Saved entries
- - - -
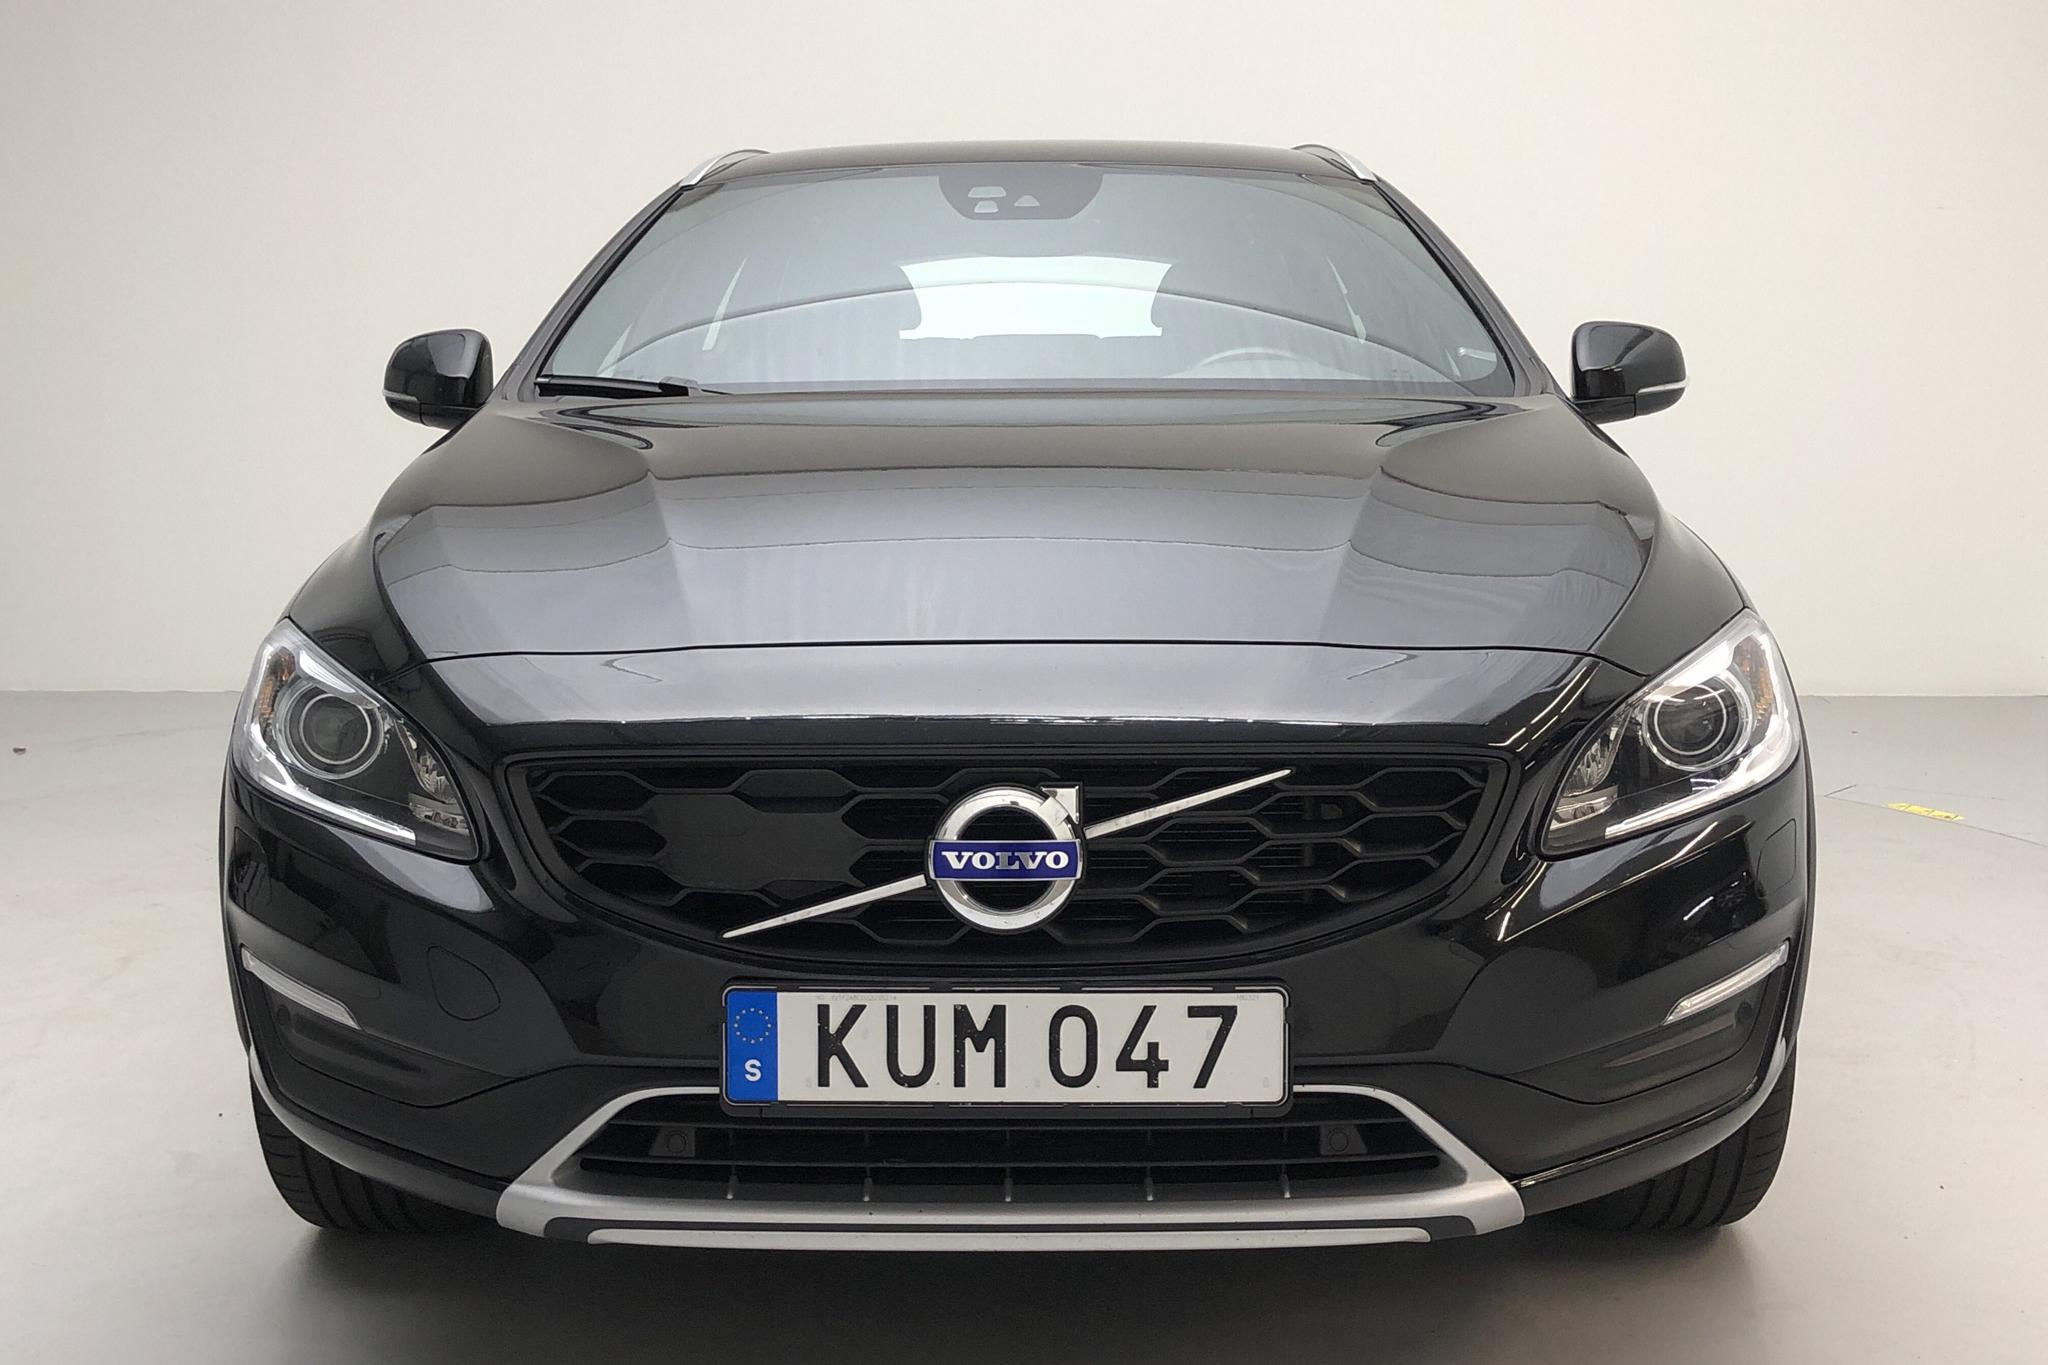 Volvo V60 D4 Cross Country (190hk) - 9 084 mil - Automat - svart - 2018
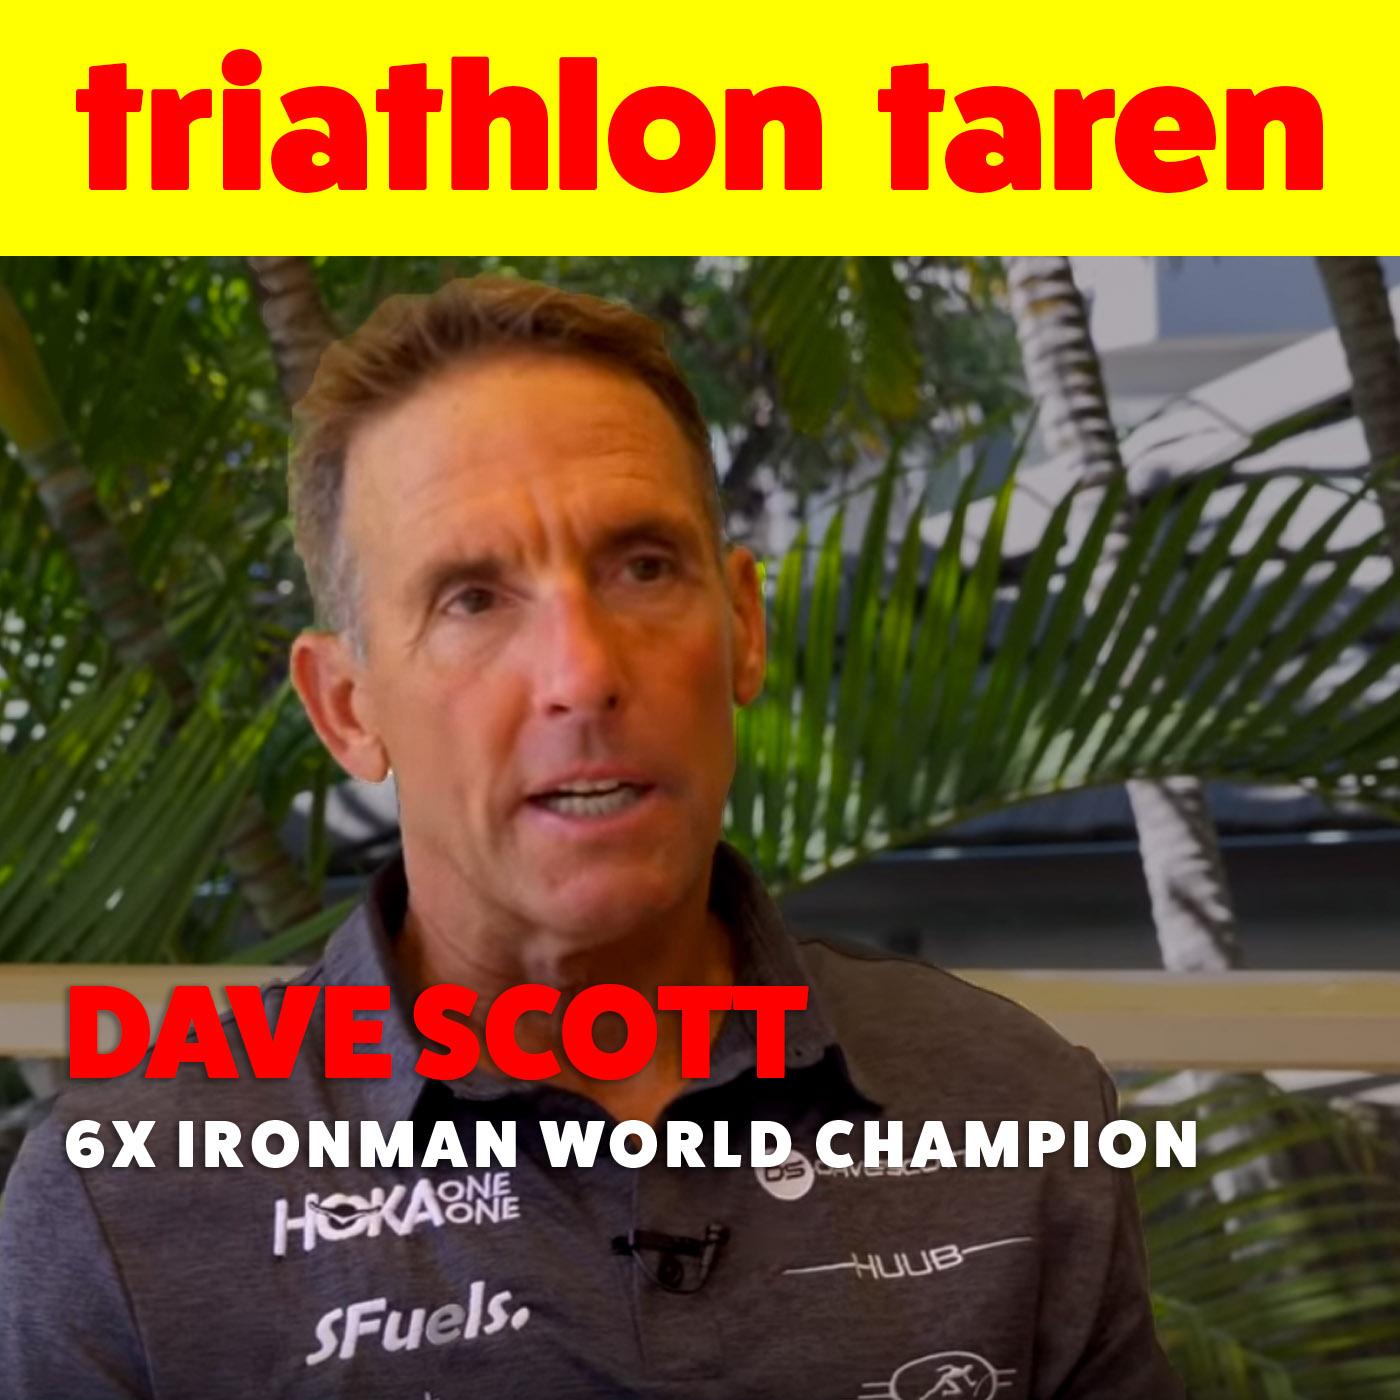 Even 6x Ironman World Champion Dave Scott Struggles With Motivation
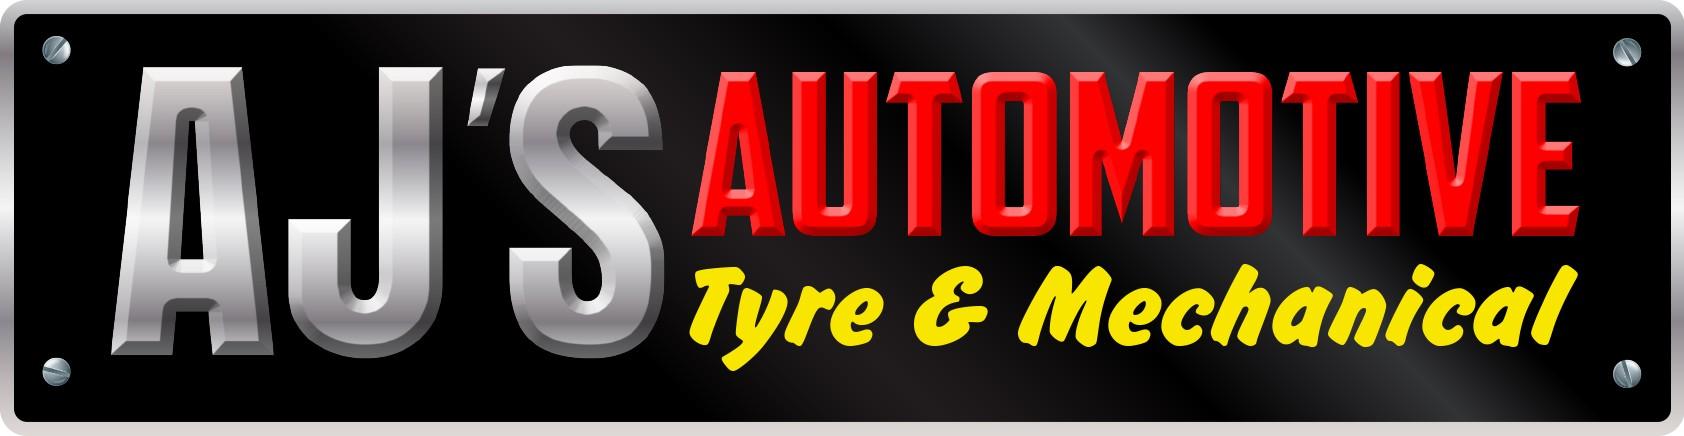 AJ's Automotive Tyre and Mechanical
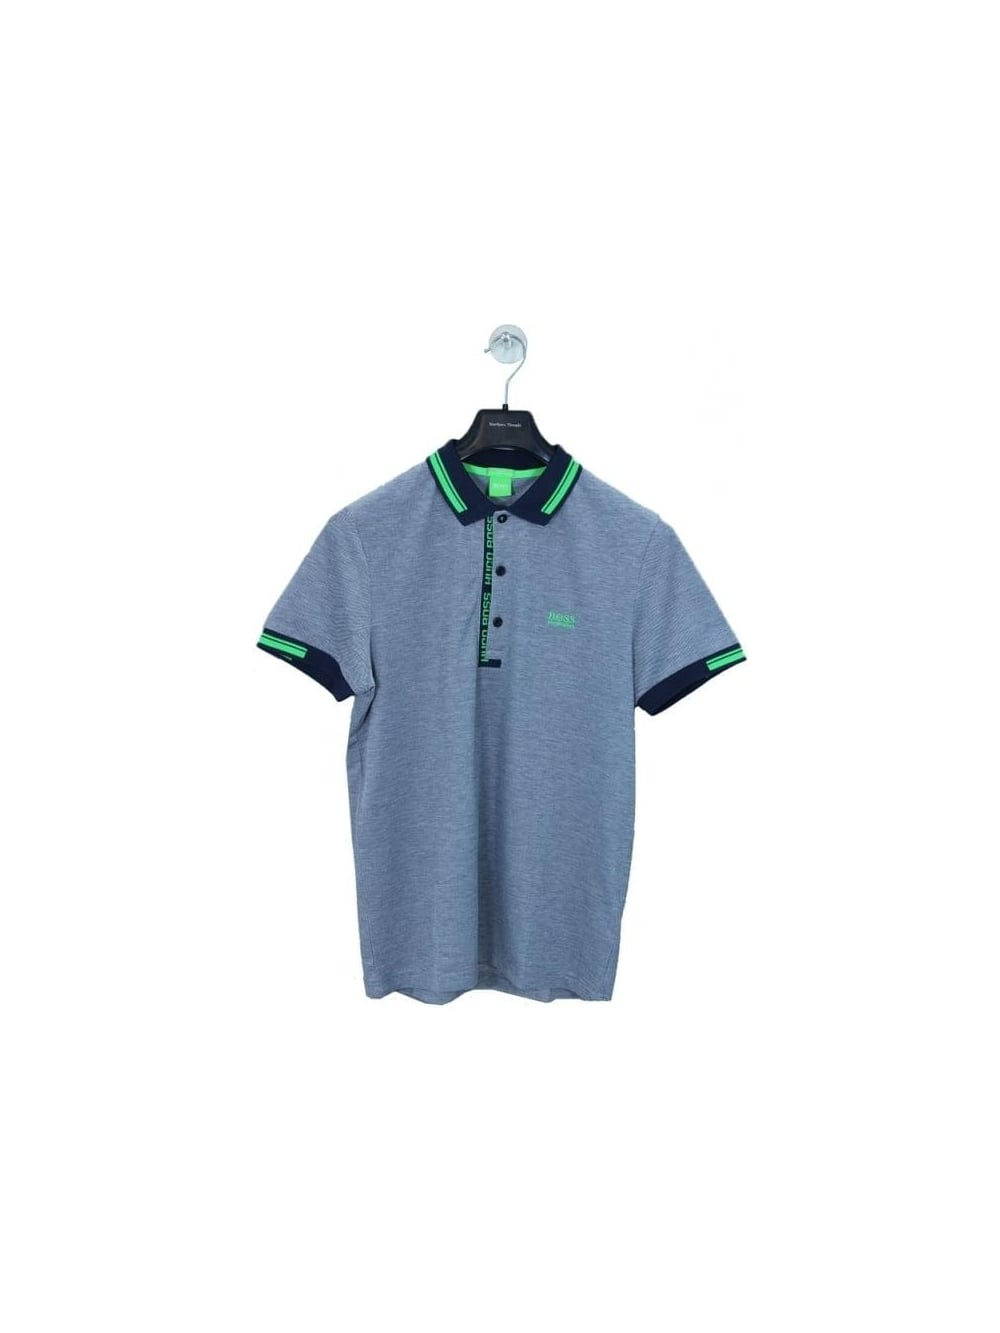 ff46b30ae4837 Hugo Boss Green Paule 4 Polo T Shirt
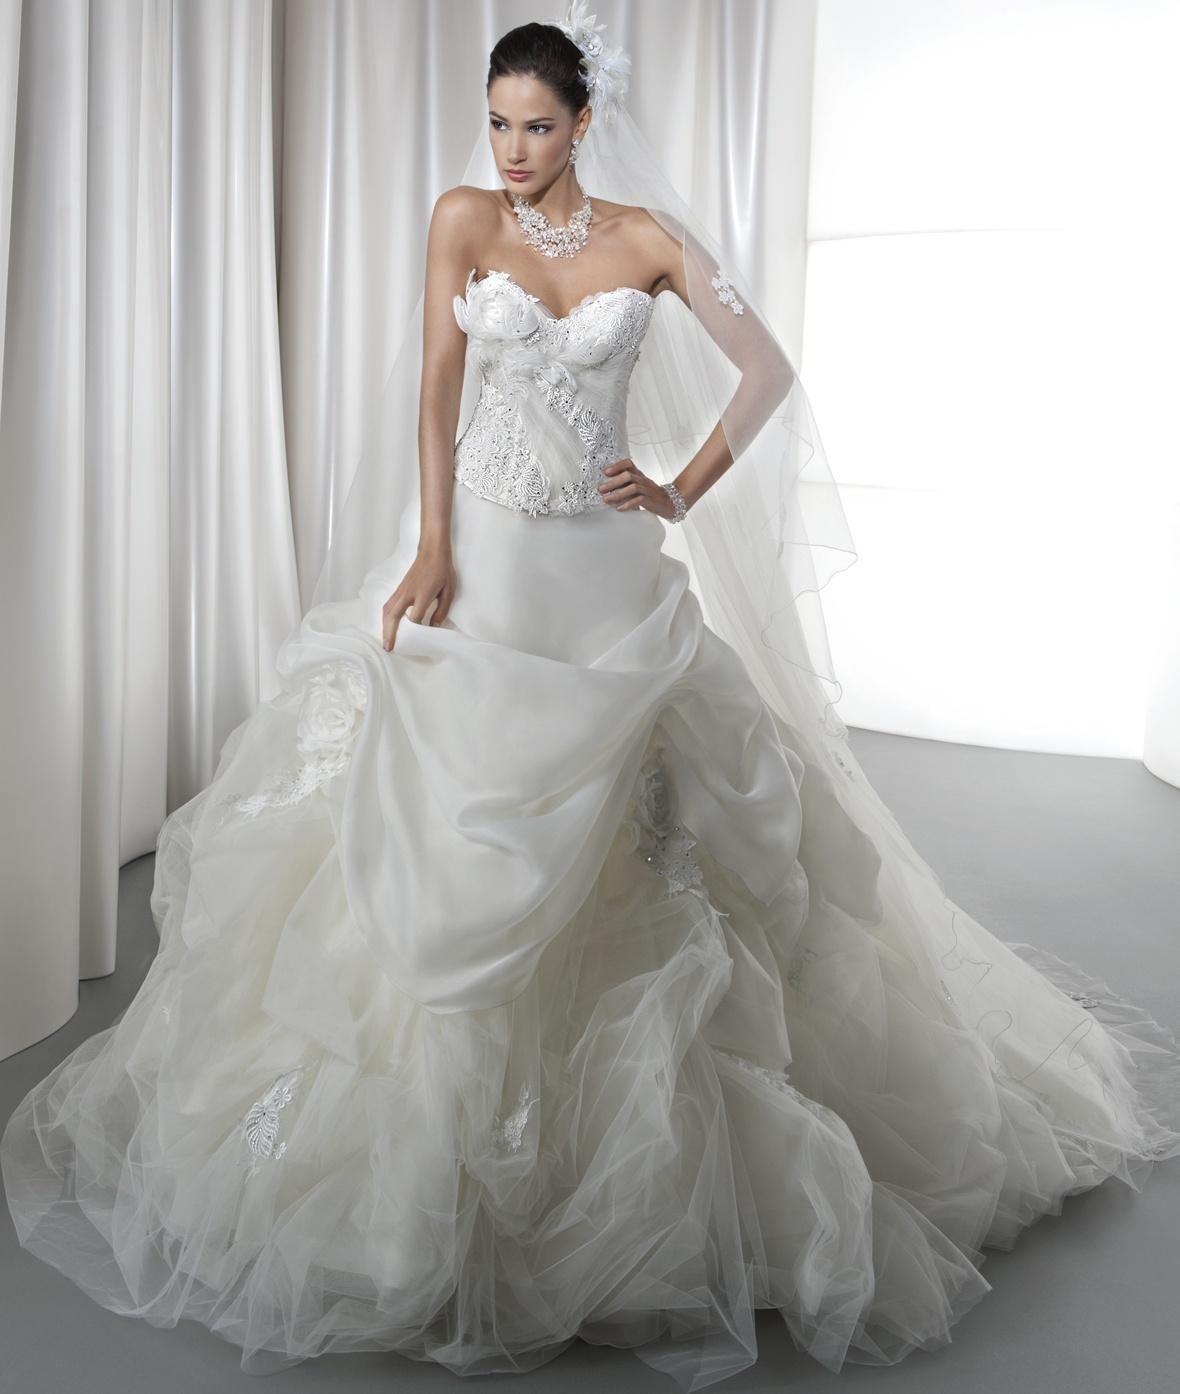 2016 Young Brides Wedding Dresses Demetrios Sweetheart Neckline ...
- - - -
# Goal of the exercise:
Only the lines from the one containing "AJ's Automotive Tyre and Mechanical" through the last line of the entries above belong in the copy; reproduce them exactly and drop every picture.

# Finished task:
 AJ's Automotive Tyre and Mechanical
 ff46b30ae4837 Hugo Boss Green Paule 4 Polo T Shirt
 2016 Young Brides Wedding Dresses Demetrios Sweetheart Neckline ...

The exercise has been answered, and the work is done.